Prompt: Keep every word of the listing and drop the images when you write it out.

Recorded information:
[Start of section]

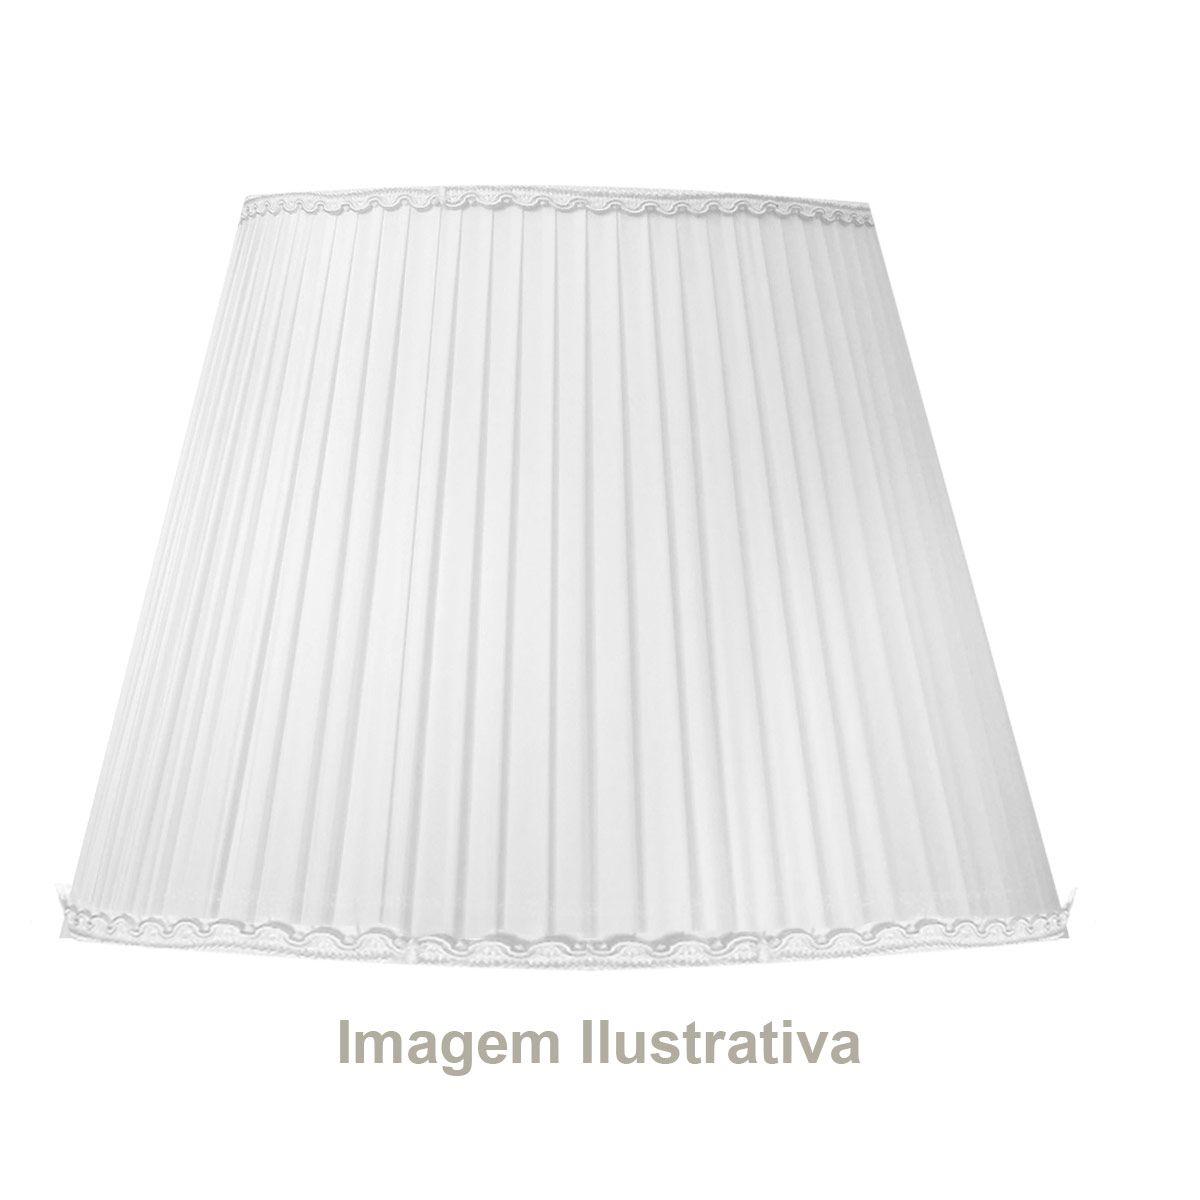 Abajur de Mesa em Cristal 903 68 cm com Cúpula Branca
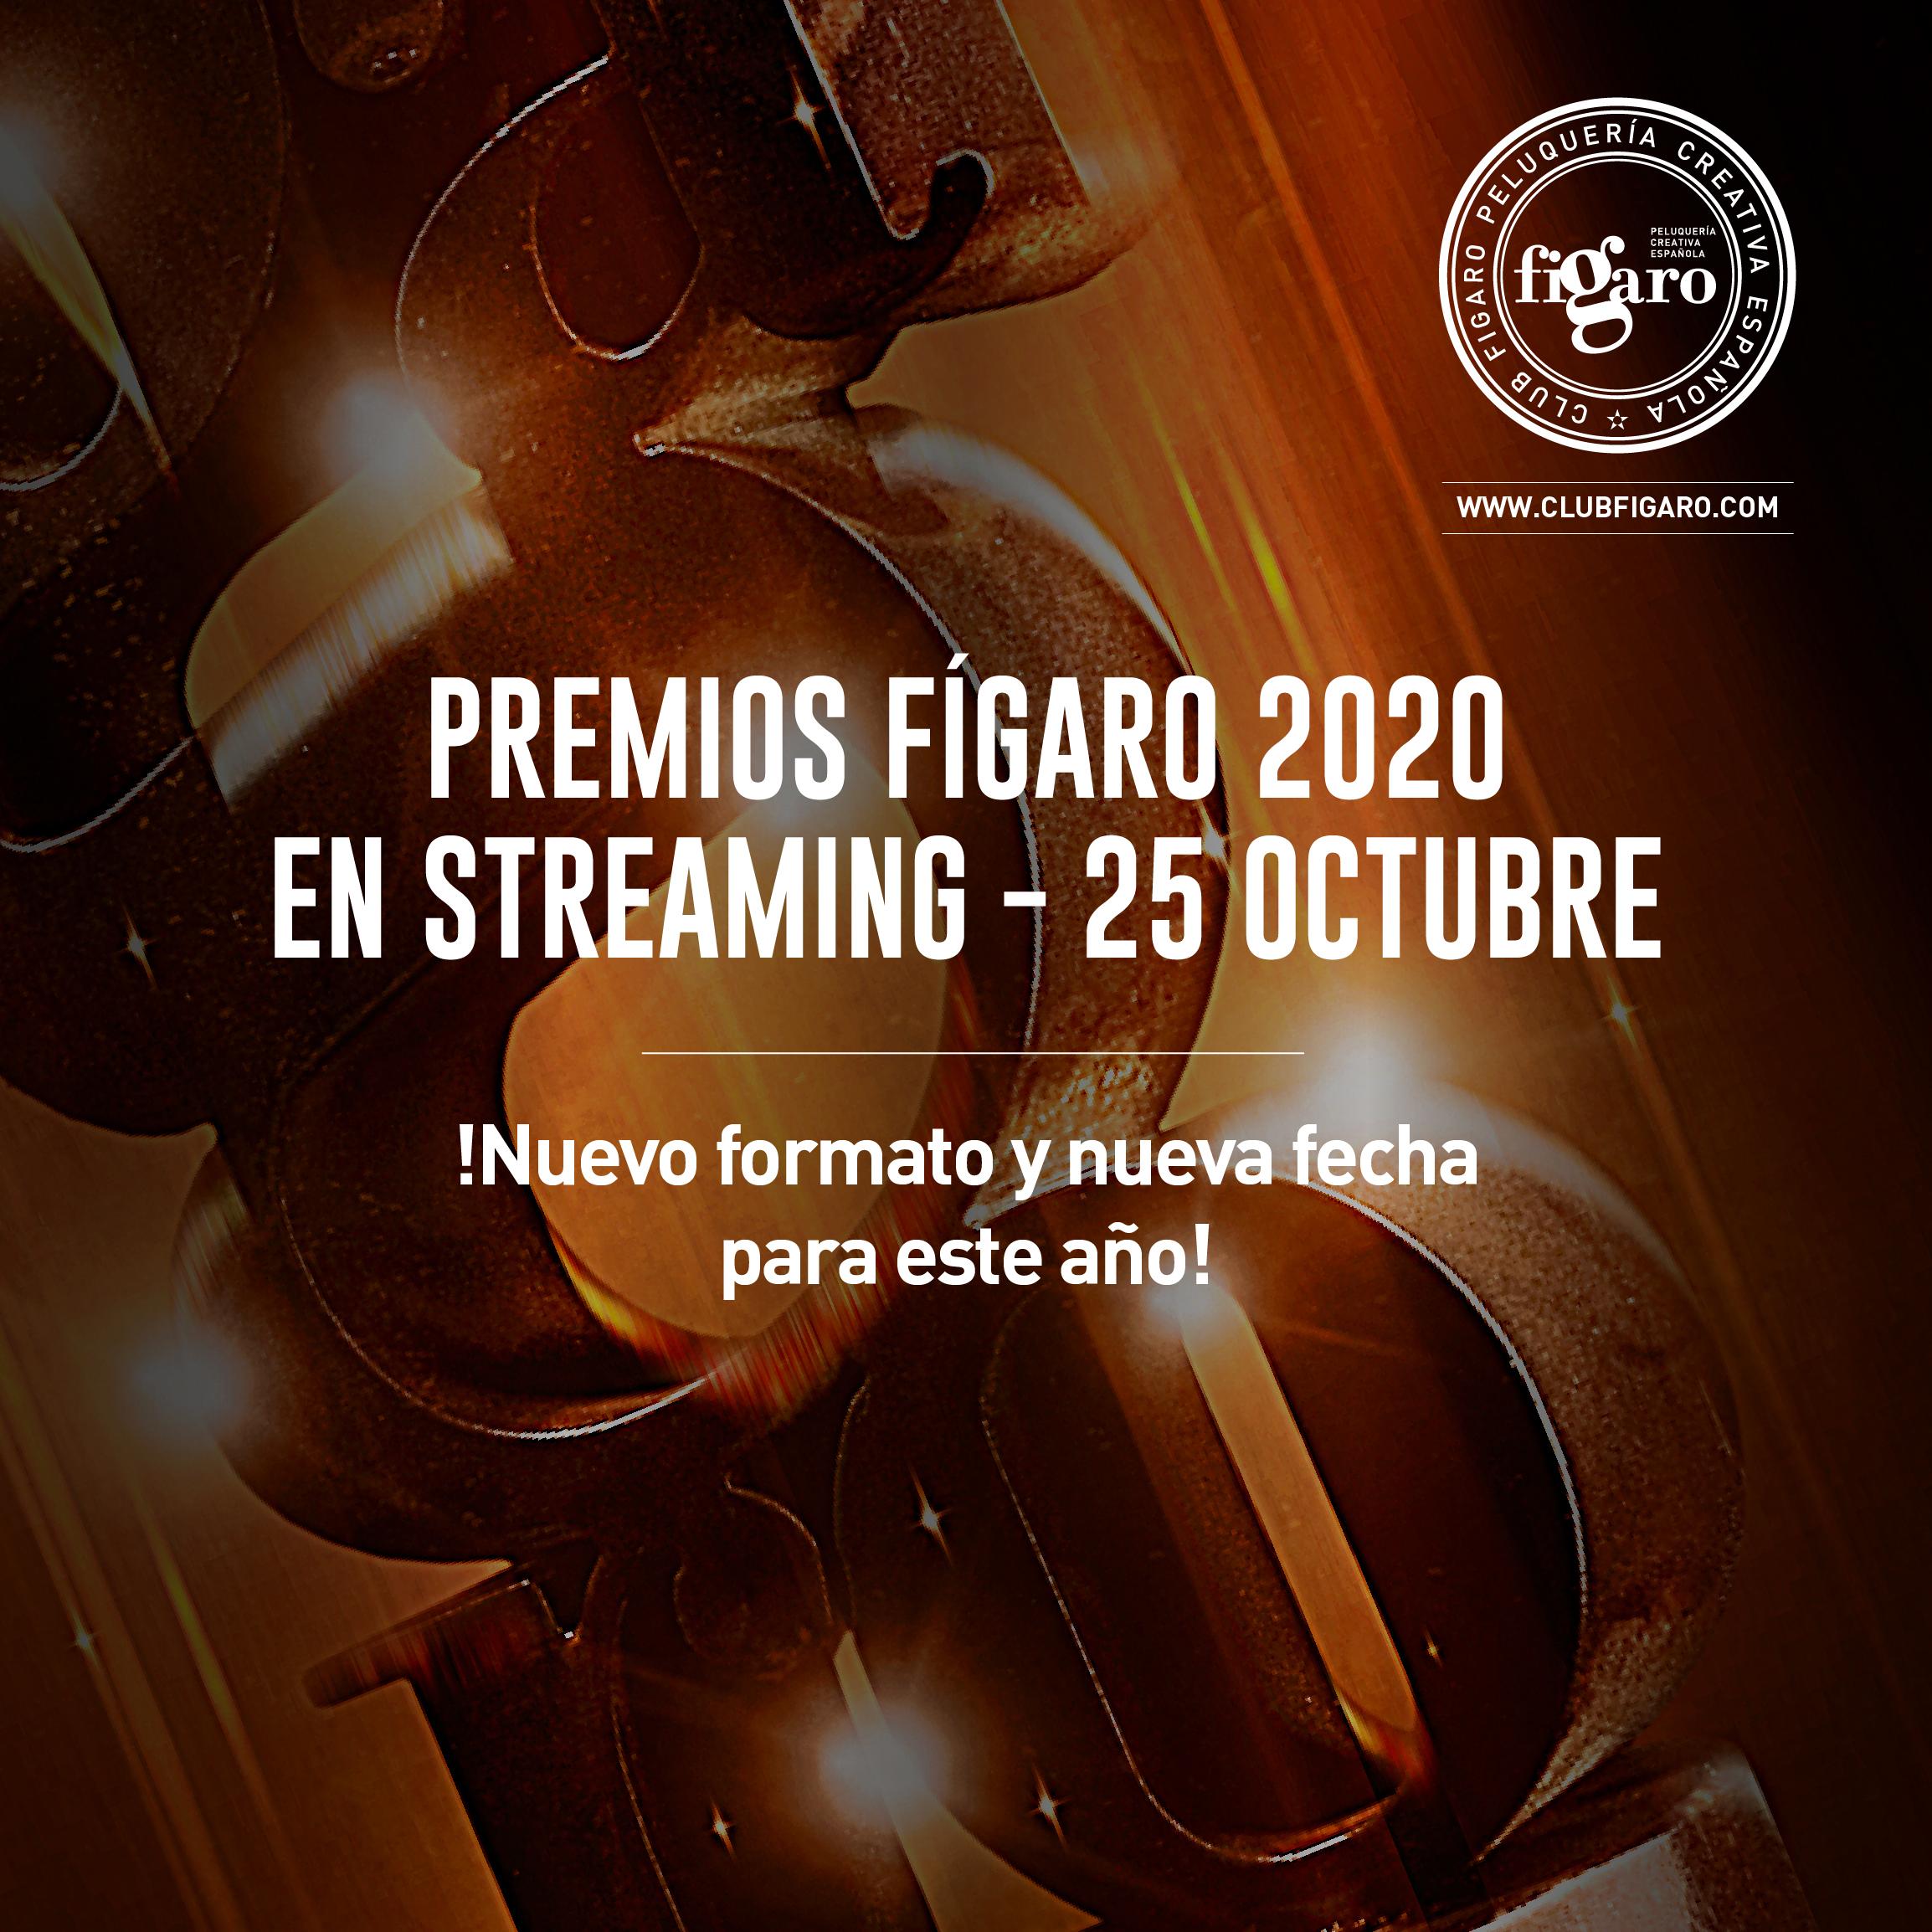 LOS PREMIOS FÍGARO ESTRENAN FORMATO STREAMING Y NUEVA FECHA
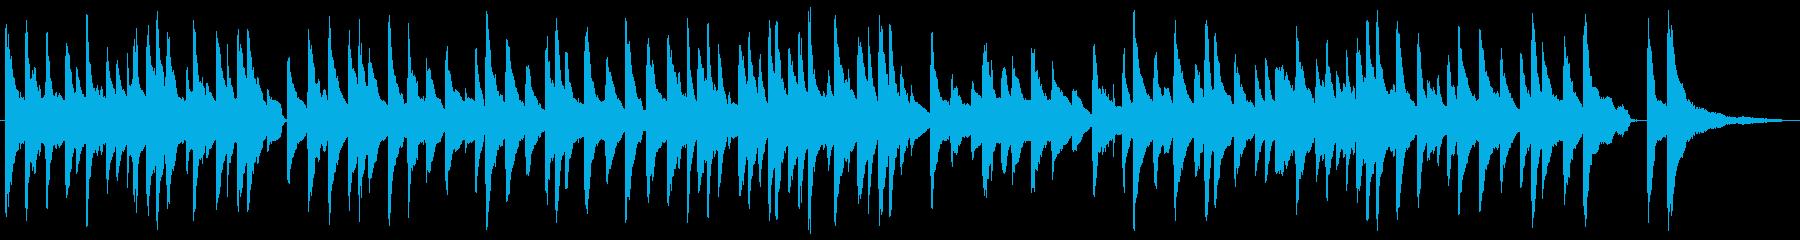 ピアノソロの正統派なラウンジミュージックの再生済みの波形

[End of section]

Task solution:
 Abajur de Mesa em Cristal 903 68 cm com Cúpula Branca
 LOS PREMIOS FÍGARO ESTRENAN FORMATO STREAMING Y NUEVA FECHA
 ピアノソロの正統派なラウンジミュージックの再生済みの波形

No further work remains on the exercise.